Every consideration of financial stewardship must begin with the recognition that money and possessions are not to become our God. According to the larger of Martin Luther’s two catechisms, our God is that on which our heart relies and depends. And as Luther goes on to note, money and possessions can very easily become an object of such reliance, dependence, and trust. The New Testament couldn’t agree any more fully or completely.
Take the Sermon on the Mount, for instance. At one point during that sermon, Jesus states the matter plainly. According to our Lord and Savior, we cannot serve both God and money, (Matthew 6:24). As a certain rich man was to learn (Matthew 16:16-22), our trust in God must always come before any trust we might have in bank accounts and investment portfolios. In complete keeping with the first and most important commandment (Exodus 20:3), any treatment of financial stewardship must begin with the recognition that money and possessions are not to become our God.
Once money and possessions have been put in their proper place, their use can be directed by two, other principles. The first is the love of both our human and nonhuman neighbors. The second is the praise and glorification of God. Both of these principles are so thoroughly biblical that any reader of the Bible will encounter them again and again. At first blush, they may seem to travel in different directions, but they really don’t. One cannot praise and glorify God unless one also prizes the world God loved so dearly that Jesus was given to die for it, (John 3:16). Or as another biblical writer puts it, it’s a lie to say we love God if we also don’t love the people and world we can actually see, (1 John 4:20).
After the above is understood, all that’s left to do is to praise and glorify God by using our financial resources to improve the spiritual or physical wellbeing of the world God loves so passionately.

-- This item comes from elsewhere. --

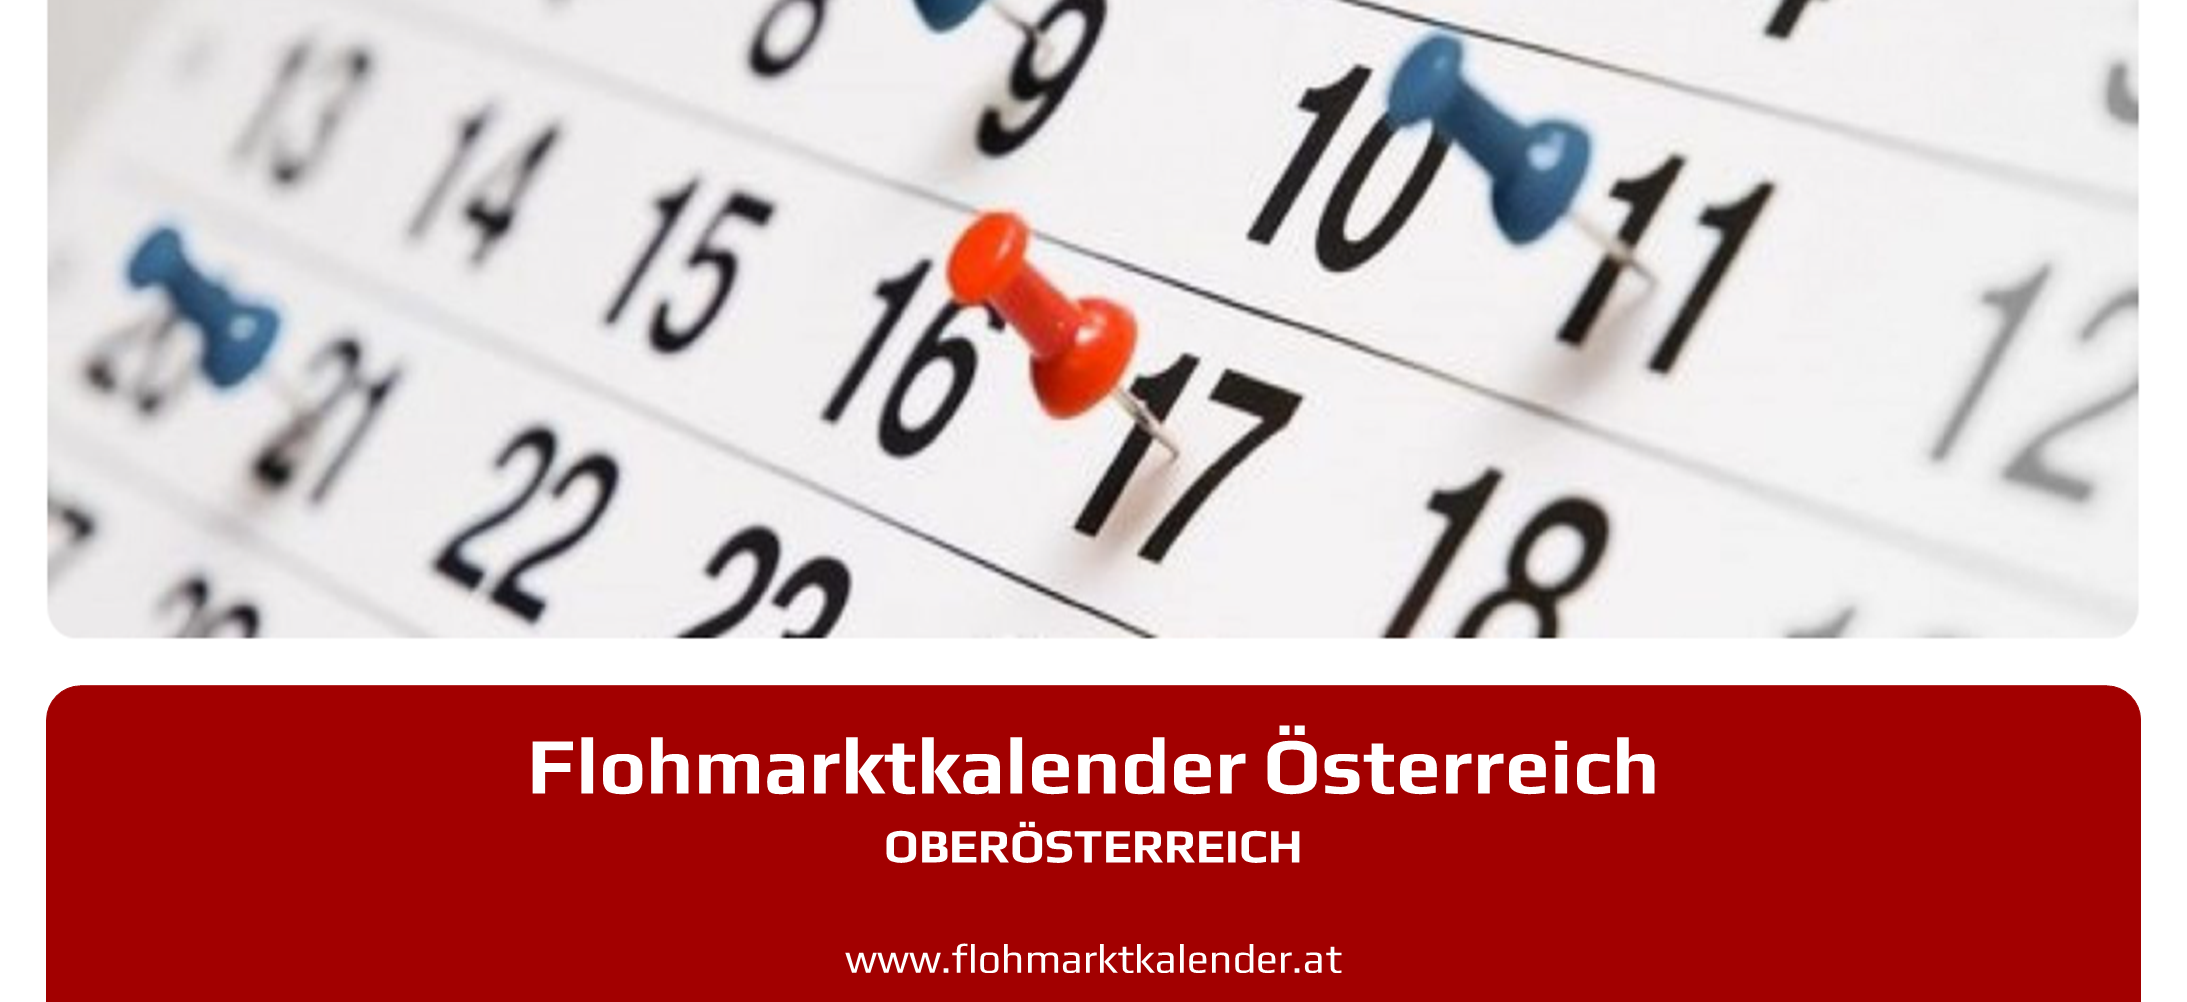 Flohmarktkalender Oberoesterreich 9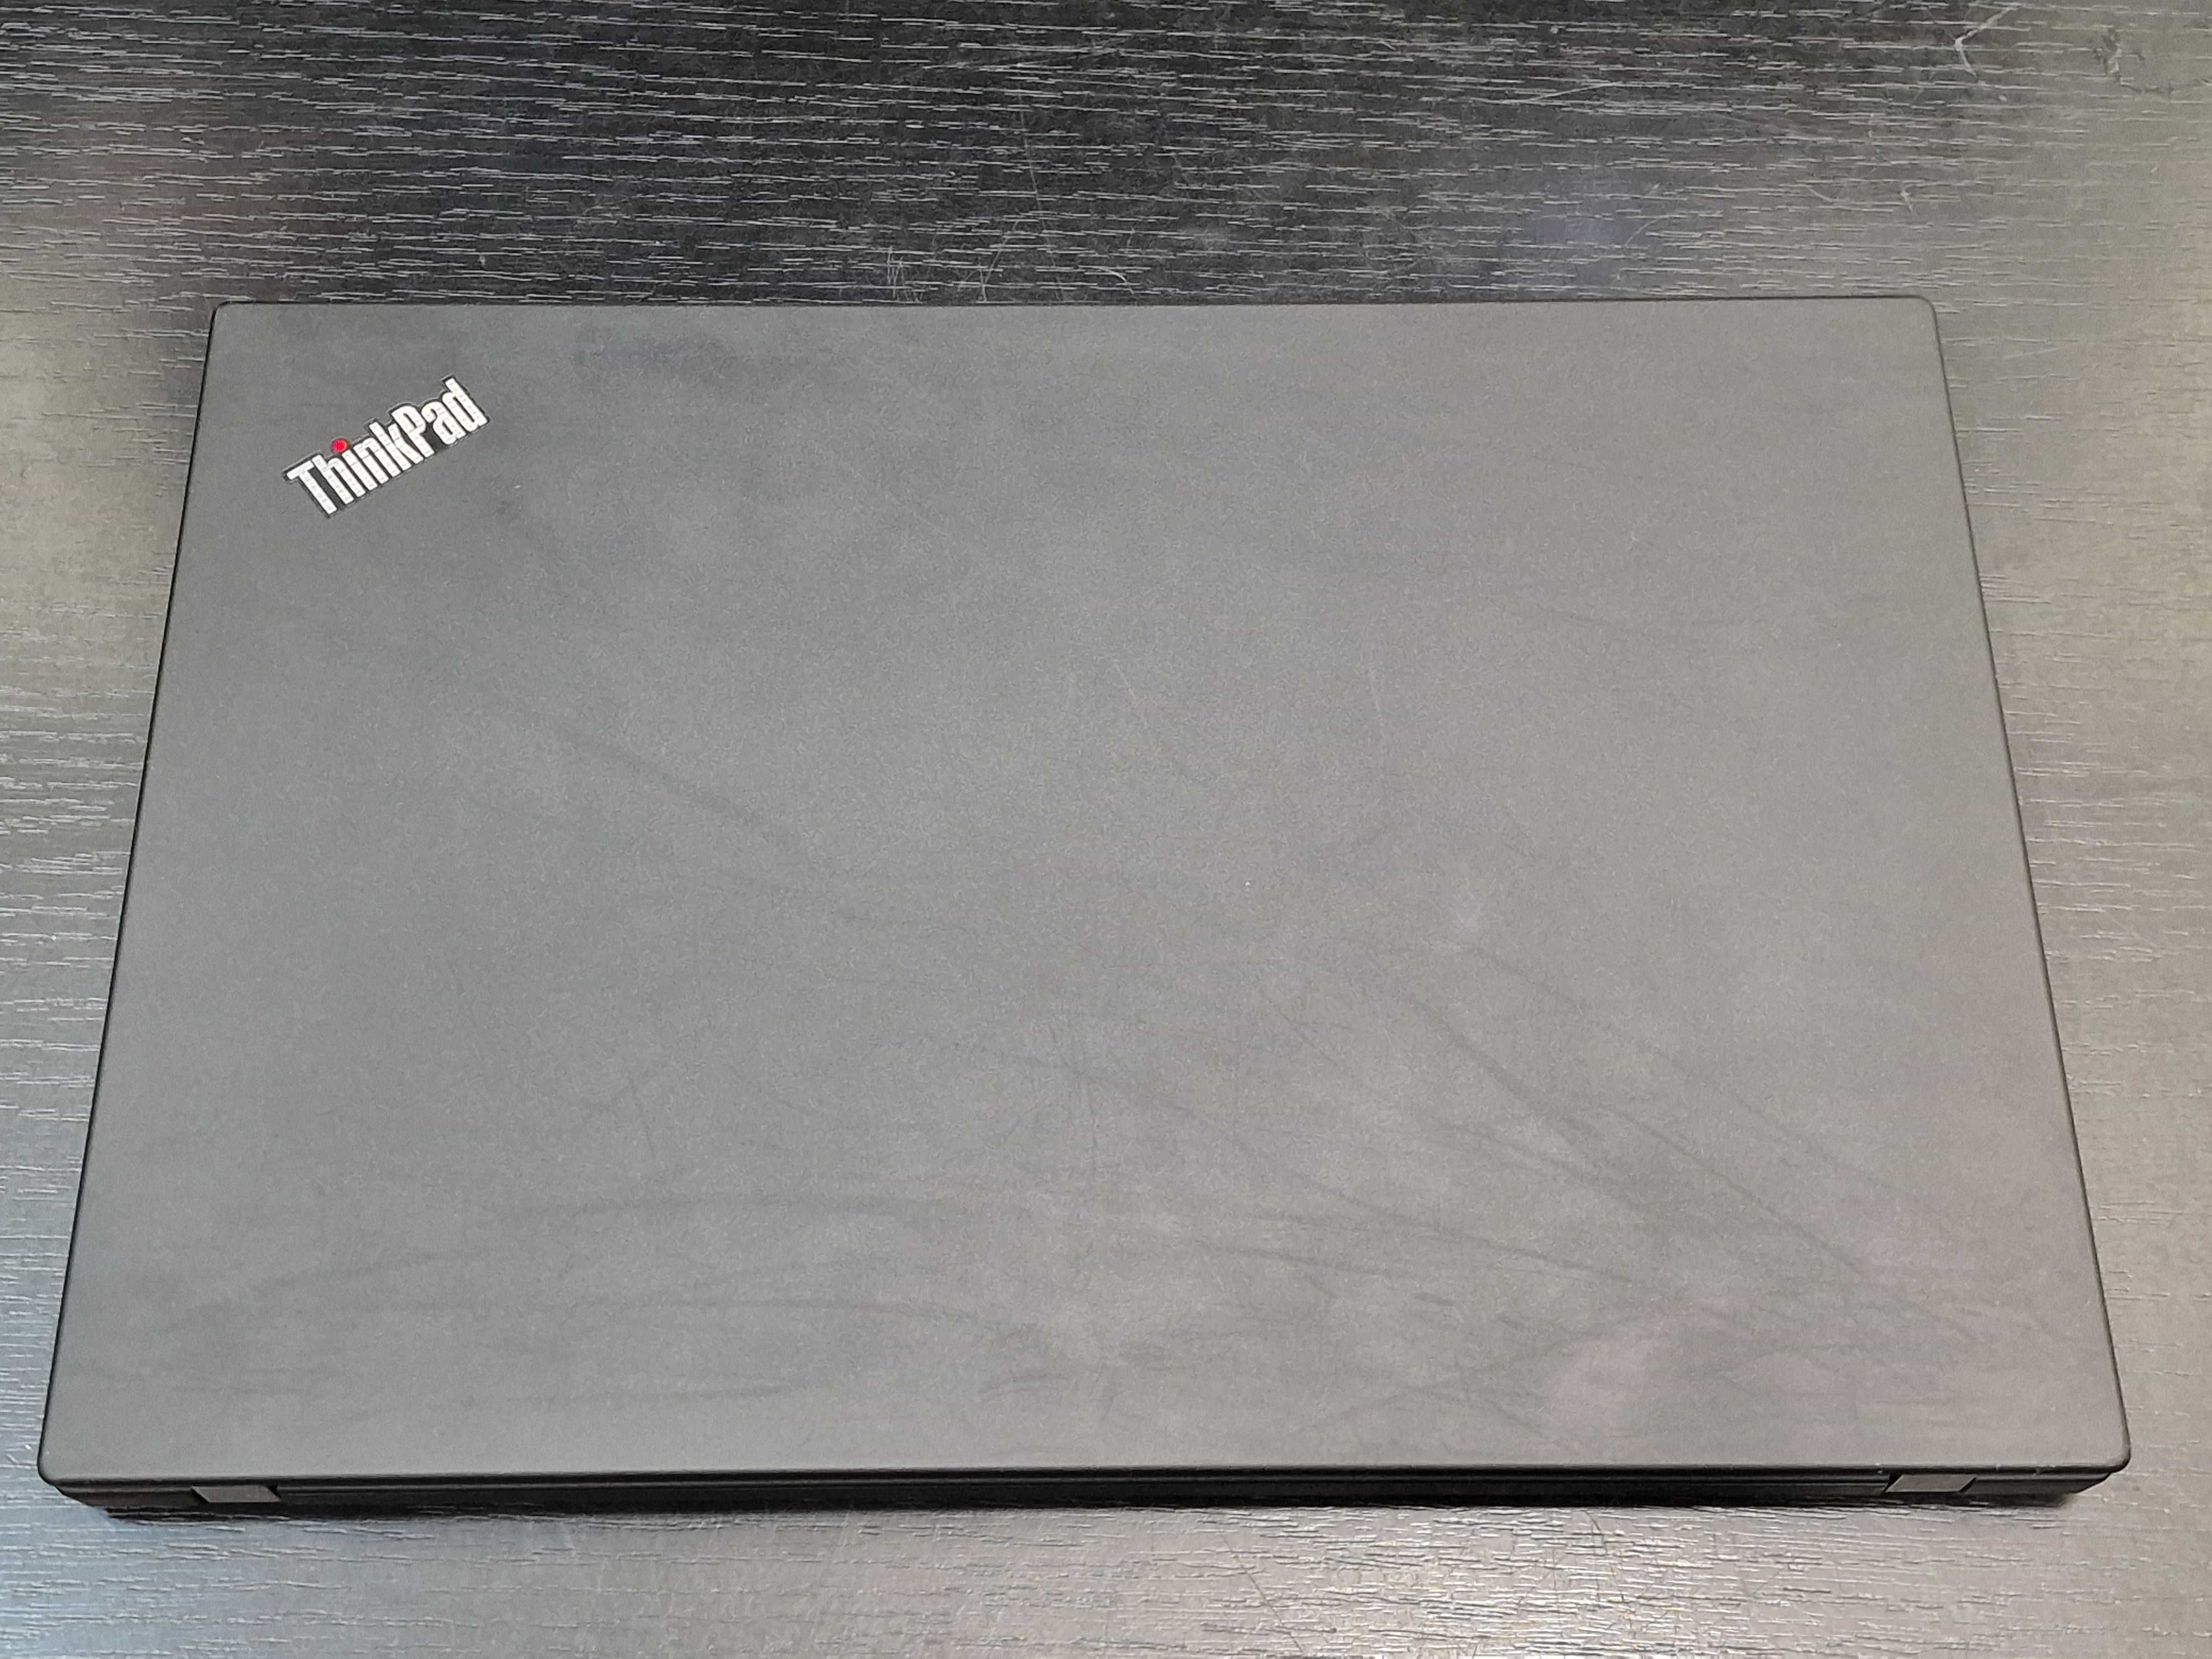 Hope Amanet P8 Laptop Lenovo ThinkPad T490

As we pursue that end, some would say we should give spiritual concerns the priority. Others would say the exact opposite, claiming that physical concerns should come first. My own opinion is that neither distinction is necessary.
To quote the Bible, as we image God for those around us, (Genesis 1:27), we are also to tend and till the world God has given us, (Genesis 2:15). Similarly, as we care for the harassed and the helpless, (Matthew 9:36), we are also to make disciples of all nations, baptizing them in the name of the Holy Trinity and teaching them to obey everything Jesus has commanded us, (Matthew 28:19-20). To me, any distinction made between physical and spiritual concerns is a false one. Both concerns are equally important. In my book, our financial stewardship should consciously seek to address both the spiritual and physical wellbeing of our neighbors, giving neither one short shrift. In terms of the particulars, prayer, the study of God’s Word, and fellowship with the Church and its worship will more than fill in the blanks. As the Holy Spirit fills in those blanks, may we respond as we are able, all the while knowing that we’ll praise and glorify God whenever we do so.